I want to give several examples:
1.: Let benchmark A perform the following operations: "First, execute a barrier on MPI_COMM_WORLD. Second, start a timer. Third, process 0 sends 256 messages of size 32 kB each. Message i is sent to process i + 1. Finally, stop the timer." The first execution of benchmark A takes about 686 microseconds on an instance of 2048 processes (2048 cores on 128 nodes). Subsequent executions of A just take 0.85 microseconds each.
Insight: If we perform a communication pattern (here 'partial' broadcast) the first time, the execution is slower than subsequent executions by a factor of about 800. Unfortunately, if we execute benchmark A again with a different communication partner, e.g., process 1 sends messages to process 1..256, benchmark A is slow again. Thus, an initial warm up phase which executes benchmark A once does not speed up communication in general.
2.: Let benchmark B perform the following operations: "First, execute a barrier on MPI_COMM_WORLD. Second, start a timer. Third, invoke MPI_Alltoall with messages of size 32 kB each. Finally, stop the timer." The first execution of benchmark B takes about 42.41 seconds(!) on an instance of 2048 processes (2048 cores on 128 nodes). The second execution of B just takes 0.12 seconds.
Insight: If we perform a communication pattern (here MPI_Alltoall) the first time, the execution is slower than subsequent executions by a facto of about 353. Unfortunately, the first MPI_Alltoall is unbelievable slow and gets even much slower on larger machine instances.
3. Let benchmark C perform the following operations: "First, execute a barrier on MPI_COMM_WORLD. Second, start a timer, Third, execute an all-to-all collective operation with messages of size 32 kB each. Finally, stop the timer." The all-to-all collective operation we use in benchmark C is an own implementation of the MPI_Alltoall interface. We now execute benchmark C first and then benchmark A afterwards. Benchmark C takes about 40 seconds and benchmark A takes about 0.85 seconds.
Insight: The first execution of our all-to-all implementation performs similar to the first execution of MPI_Alltoall. Surprisingly, the subsequent execution of benchmark A is executed very fast (0.85 second), compared to the case where we do not have a preceding all-to-all. It seems like the all-to-all collective operation sets up the connections between each process which results in a fast execution of benchmark A. However, as the all-to-all collective operation (MPI_Alltoall as well) is unbelievable slow, we don't want to execute the all-to-all collective operation as a warm up on large scale.

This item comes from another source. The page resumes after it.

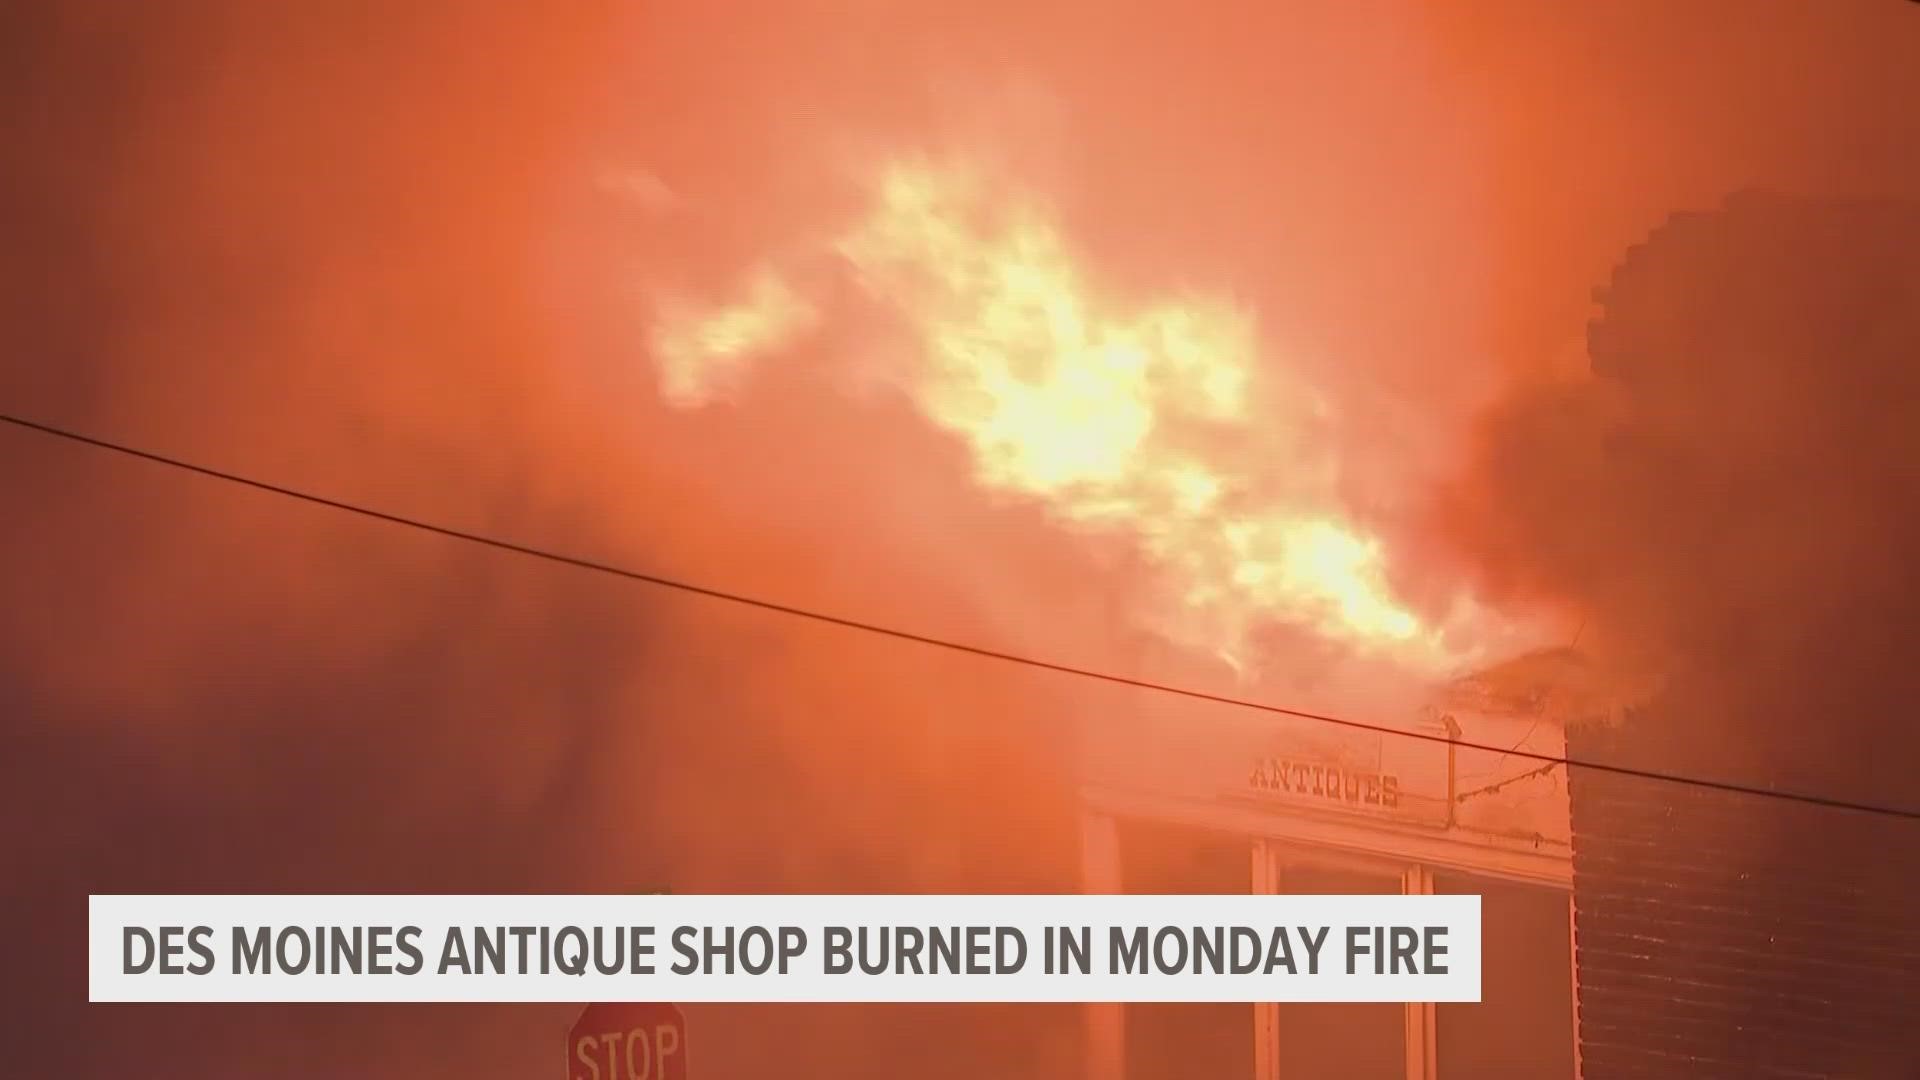 35th Street Antiques had been open for about three years before the fire.

We already figured out that the environment variable I_MPI_USE_DYNAMIC_CONNECTIONS=no avoids these slow running times on small scale (up to 2048 cores). However, setting I_MPI_USE_DYNAMIC_CONNECTIONS to the value 'no' does not have any effect on larger machine instances (number of cores > 2048).
We think that these benchmarks give interesting insights into the running time of Intel MPI. Our supercomputer might be configured incorrectly. We tried to adjust several environment variables but did not find a satisfying configuration. We also want to mention that those fluctuations in running time does not occur with IBM MPI on that machine.
If you have further suggestions to handle this problem, please let us know. If required we run additional benchmarks, apply different configurations, and provide debug output, e.g. I_MPI_DEBUG=xxx.